I had been in the market a thousand times before but it had never looked like this. Where aisles of food should have been, a stage had been erected in the middle of the store. But nothing professional—you must understand that. Nothing glitzy, expensive or in any way appropriate to who was standing on that stage playing live for only Barry and me.
They saw us moving toward them but none reacted with anymore than a shrug or a hi-how-you-doin’ head tip. Their indifference said we weren’t interrupting them because they were used to an audience.
John Lennon sat on the edge of the small stage with a cigarette stuck in the corner of his mouth and a Rickenbacker guitar held in his hands. He looked twenty-five years old, maybe thirty—they all did. Paul stood on the other side of the stage next to George. The two of them were weaving back and forth, goofing around. Paul sang a lousy version of “I Feel Fine.” At the back of the stage Ringo played the drums with eyes closed. “I Feel Fine” performed badly by the Beatles.
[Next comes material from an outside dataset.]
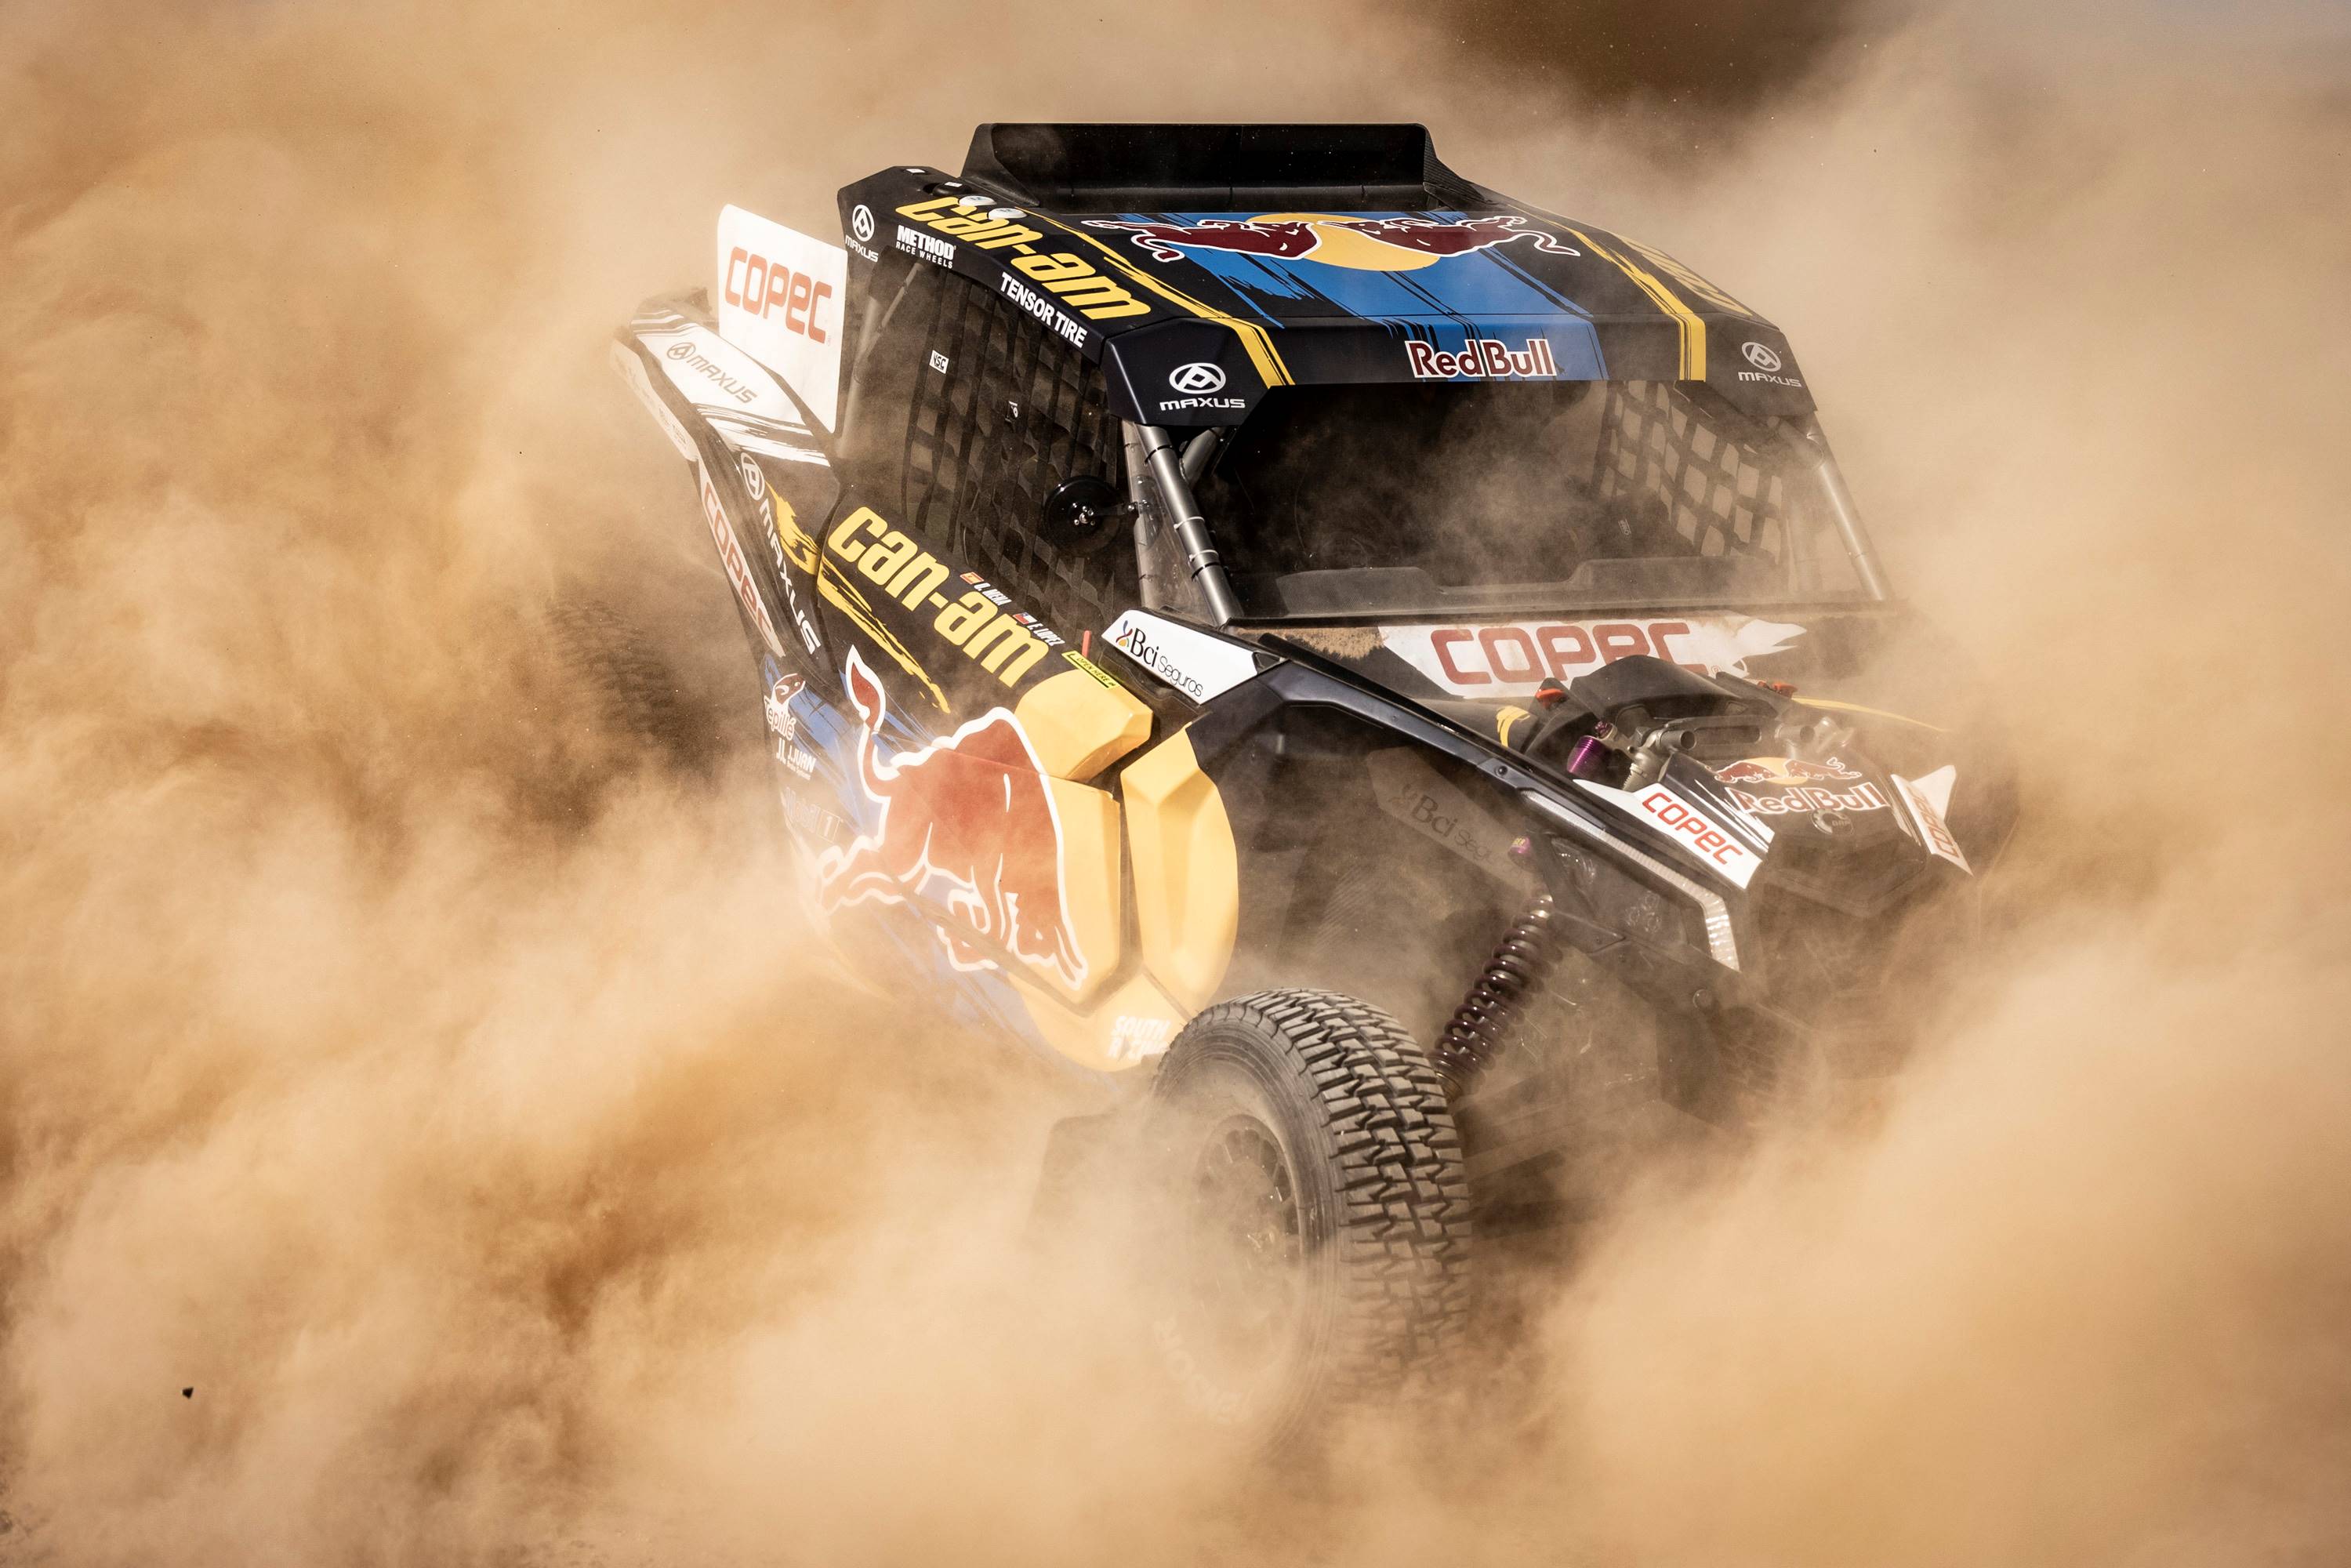 Maverick x3 en el desierto saudí rodeado de polvo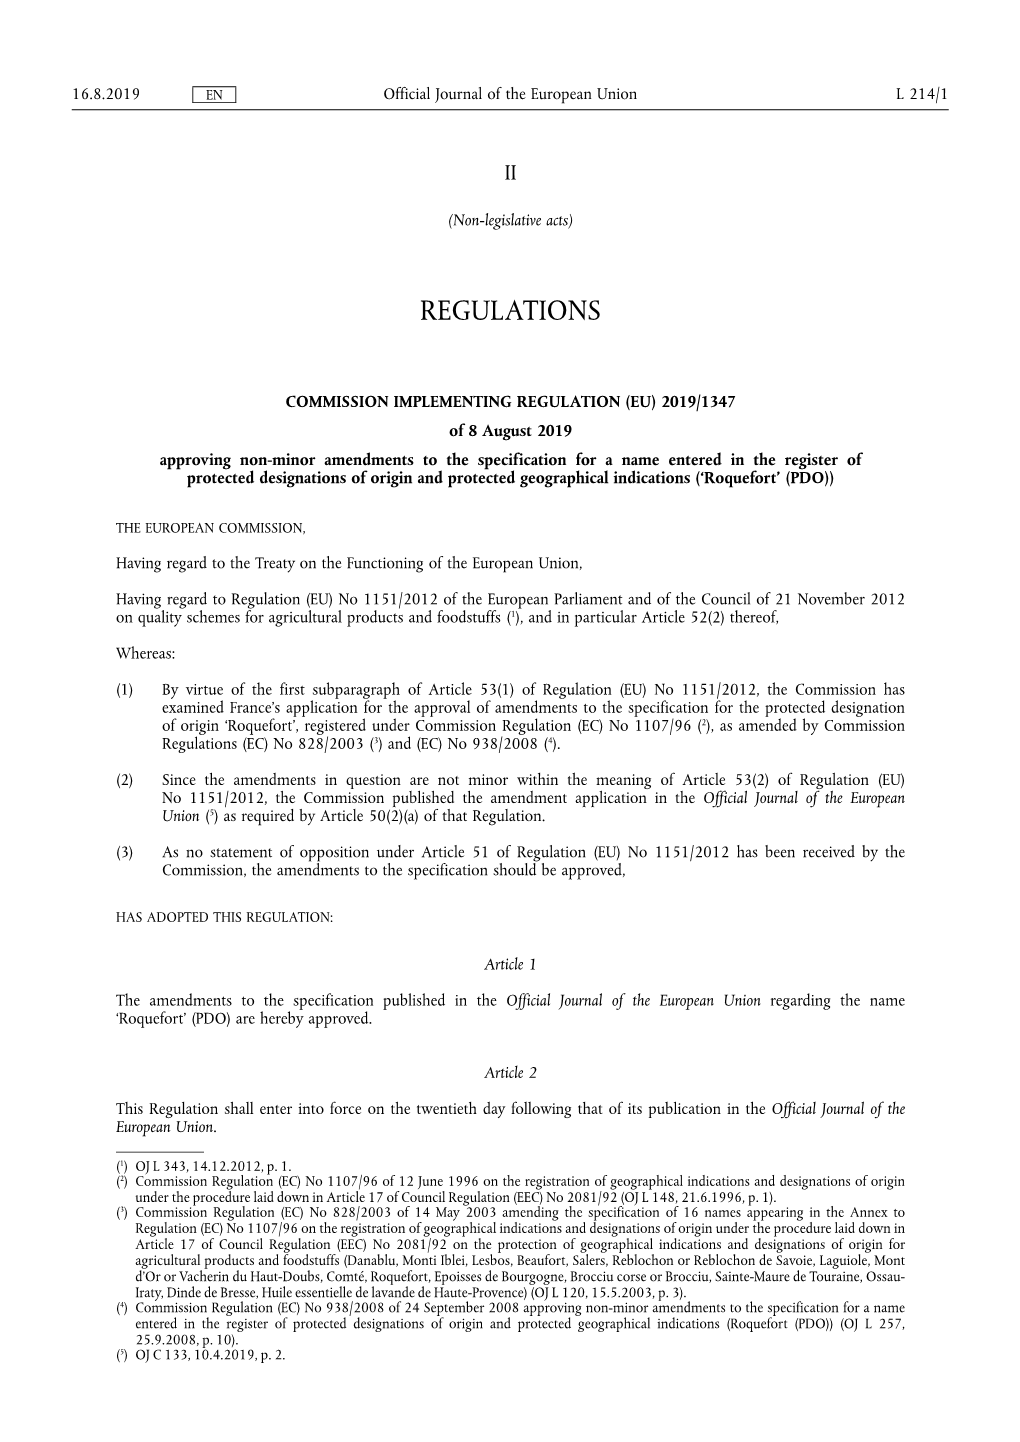 Commission Implementing Regulation (Eu) 2019

Bad or not, it was the boys and their sound was un-fucking-mistakable.
That’s what I’d asked Barry to show me and that’s what this was a quarter of a century after the group broke up, twenty years after Lennon was murdered. For a million reasons I wanted to reach out and touch Lennon’s arm—only that—but I resisted the impulse. He must have sensed my excitement and awe though because he abruptly looked up and wiggled his eyebrows at me. It was the same expression he’d used in a famous TV interview he’d done after the group broke up. I had the interview on tape at home. I owned way too much Beatles memorabilia because no one, not no one, was ever better than they were.